Устроив окончательно мою камеру, я поставил тюремщику альтернативу: или он будет во всей строгости соблюдать по отношению ко мне все правила тюремного режима и тогда по духовному завещанию получит все мое состояние; или же – не получит ничего. Казалось бы, при такой ясной постановке вопроса я уже не встречу затруднений, но при первом же случае, когда за нарушение какого-то правила меня следовало посадить в карцер, этот наивный и робкий человек наотрез отказался исполнить это; и только угрозою немедленно пригласить на его место другого, более добросовестного тюремщика я принудил его выполнить свою обязанность. Равным образом, весьма исправно запирая двери, он первое время решительно пренебрегал своей обязанностью наблюдать за мною в глазок; и если я, в целях испытания его твердости, предлагал ему, в ущерб здравому смыслу, изменить какое-нибудь правило, он охотно и быстро соглашался на это. И однажды, уличив его таким образом, я сказал ему:
– Мой друг, ты попросту глуп. Ведь если ты не будешь наблюдать за мною и как следует стеречь, то я убегу в другую тюрьму и унесу с собою завещание. Что будешь делать ты тогда?
Счастлив сообщить, что в настоящее время все эти недоразумения уладились, и если я могу на что-нибудь пожаловаться, то скорей на излишнюю строгость, чем на снисходительность: совершенно войдя в свое положение тюремщика, этот честный человек уже не для корысти, а во имя принципа обращается со мной с крайней суровостью. Так, в начале этой недели он решил меня посадить на сутки в карцер за провинность, которой, как мне казалось, я не совершал; и, протестуя против кажущейся несправедливости, я имел непростительную слабость сказать ему:
– В конце концов я возьму и прогоню тебя. Не забывай, что ты служишь у меня.
– А пока ты меня прогонишь, я все-таки тебя засажу, – с честною грубостью ответил мне этот достойный человек.
– А как же деньги? – удивленно возразил я. – Ты же лишишься их?
– А разве мне нужны твои деньги? Я отдал бы все свои деньги, чтобы не быть тем, что я есть. Но что же я могу поделать, если ты действительно нарушил правило и я должен отвести тебя в карцер?
Я не в силах передать того радостного волнения, которое охватило меня при мысли, что и в эту темную голову вошло наконец сознание долга, и что теперь если бы даже я пожелал, поддавшись слабости, уйти из моей тюрьмы – мой добросовестный тюремщик не допустит меня до этого.

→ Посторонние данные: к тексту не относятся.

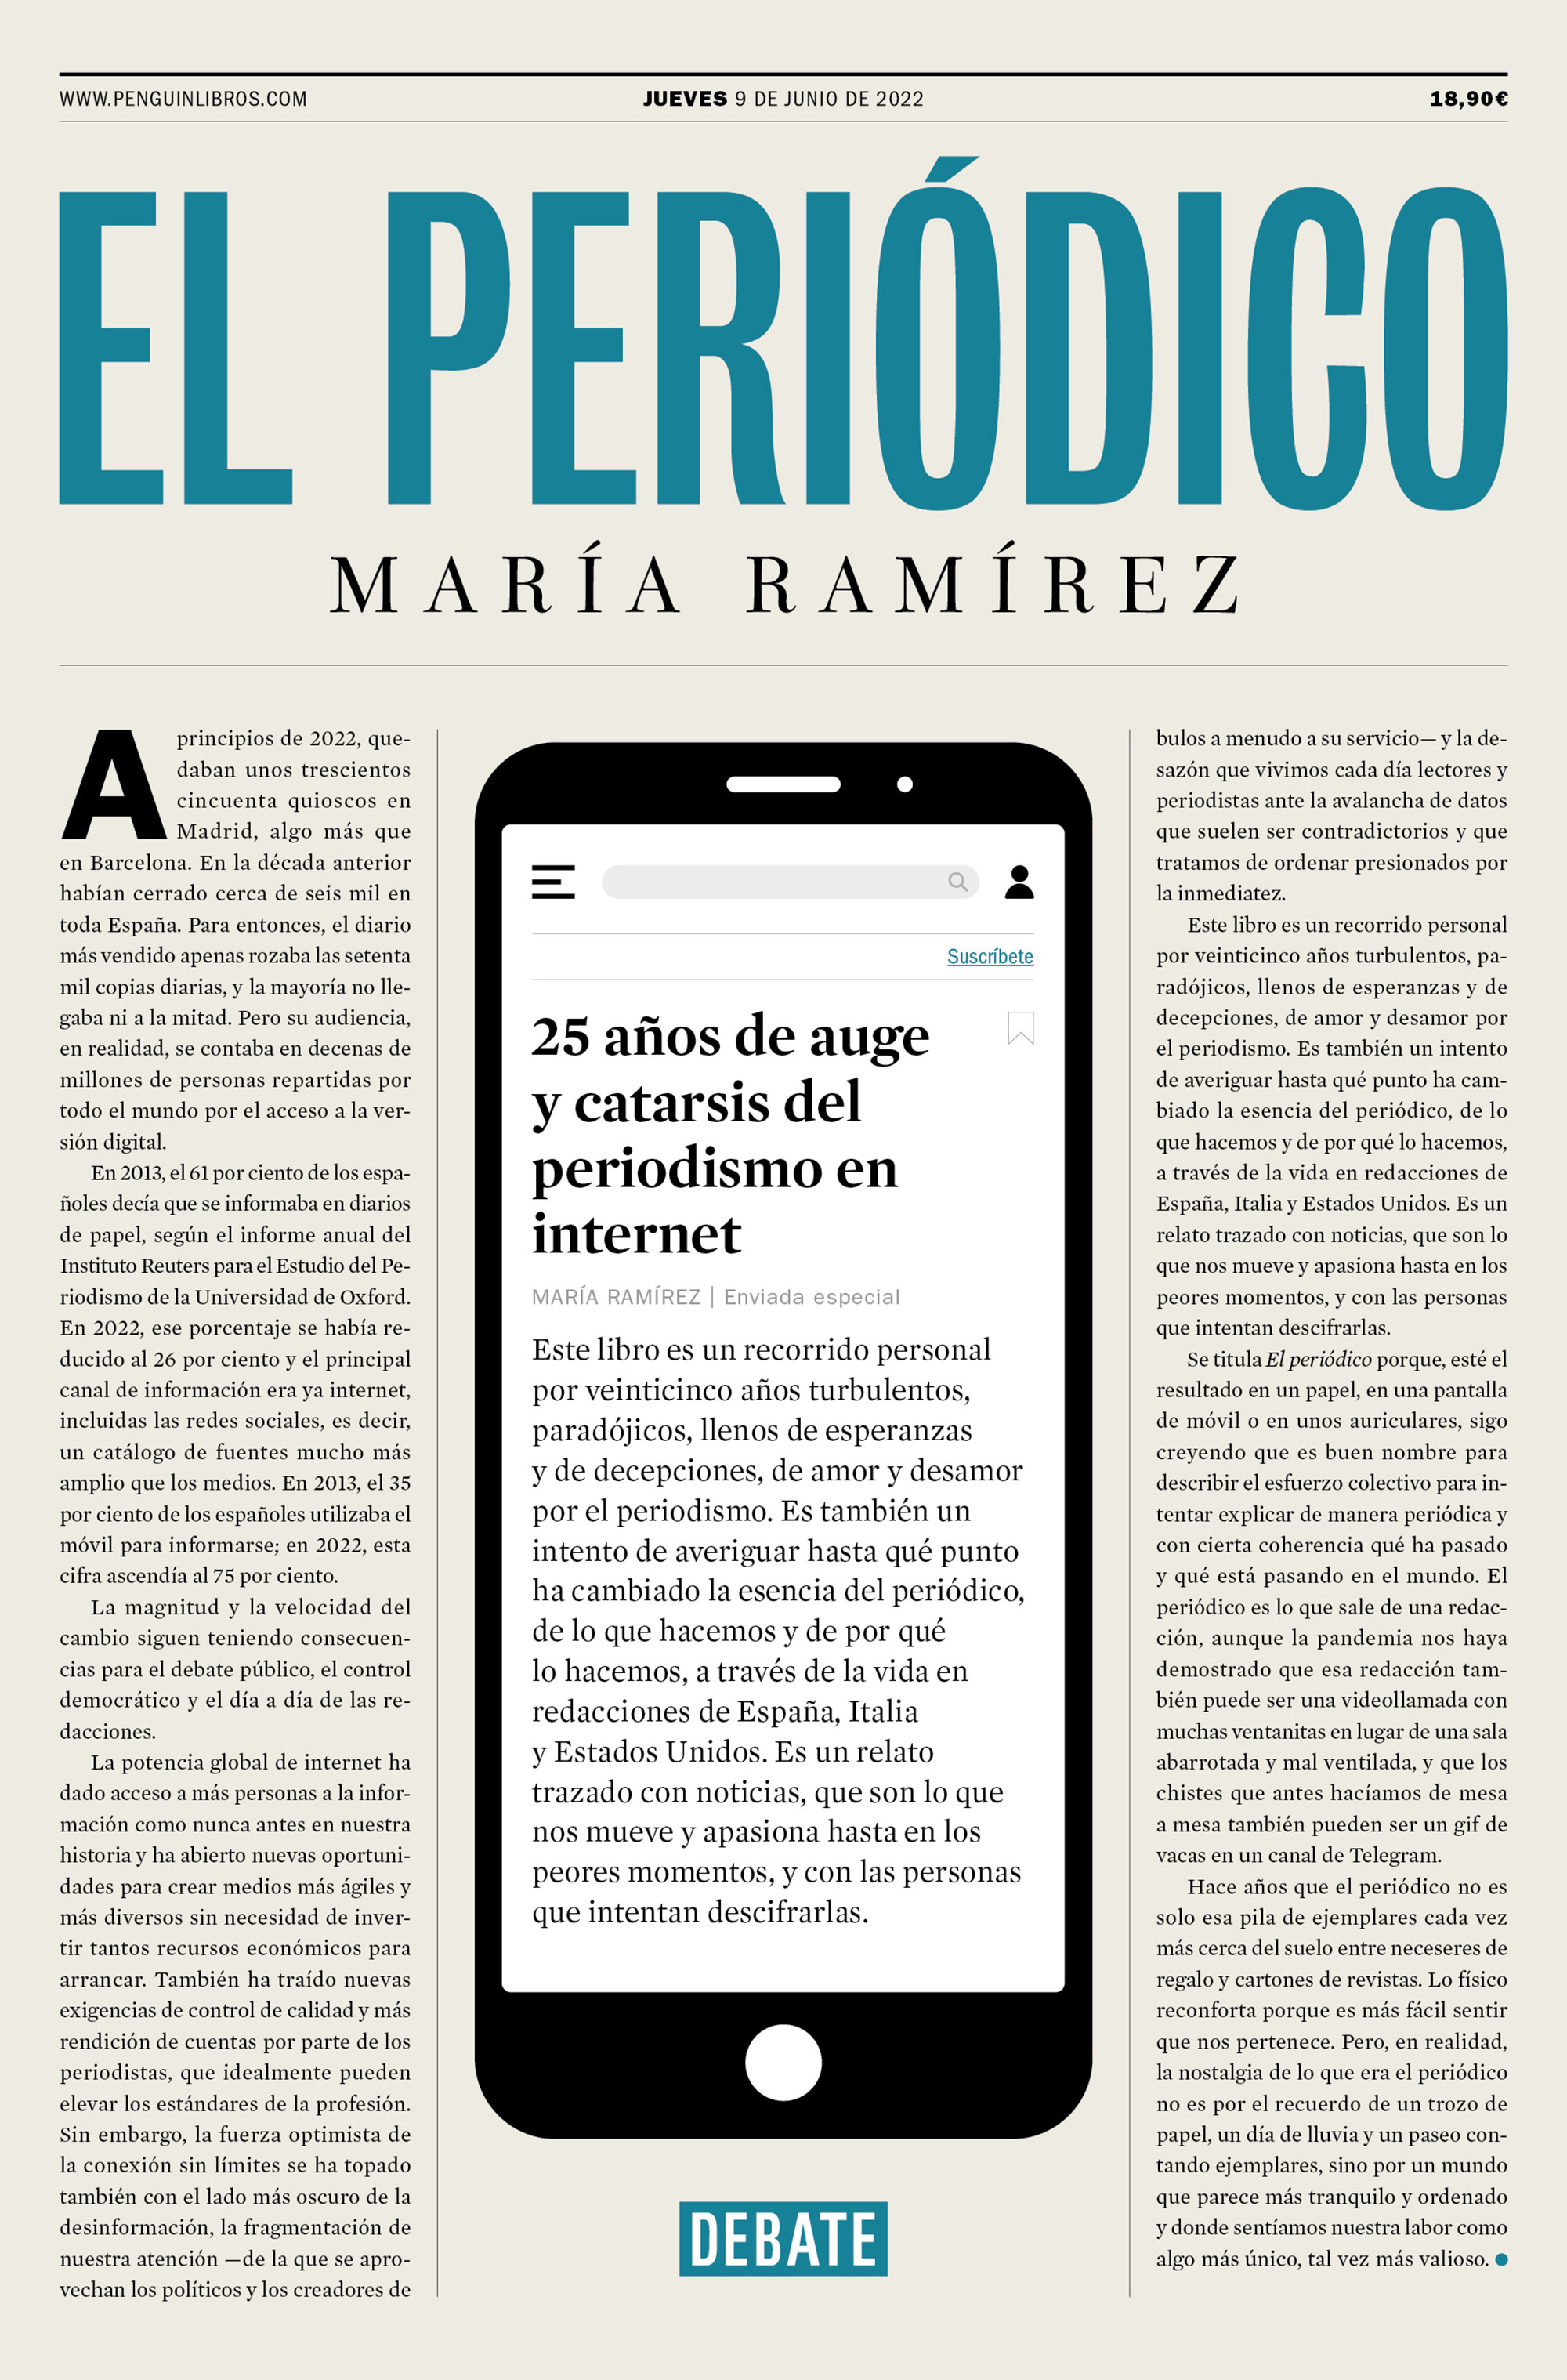 María Ramírez: Últimas noticias sobre el periodismo

Решительный огонь, сверкающий в его круглых глазах, ясно показал мне, что всюду, куда бы я ни убежал, он найдет меня и приведет обратно; и что револьвер, который прежде он так часто забывал положить в кобуру, а ныне чистит ежедневно, действительно сослужит свою службу, вздумай я бежать. И впервые за эти года я с счастливой улыбкой заснул на каменном полу темного карцера, в сознании, что план мой увенчался полным успехом, перейдя из области почти что чудачества в область грозной и суровой действительности; и тот страх, который, засыпая, почувствовал я к моему тюремщику, к его решительным глазам, к его револьверу, робкое желание услышать его похвалу и вызвать, быть может, даже улыбку на его неподкупных устах – отдались в моей душе гармоничным звоном извечных и последних кандалов.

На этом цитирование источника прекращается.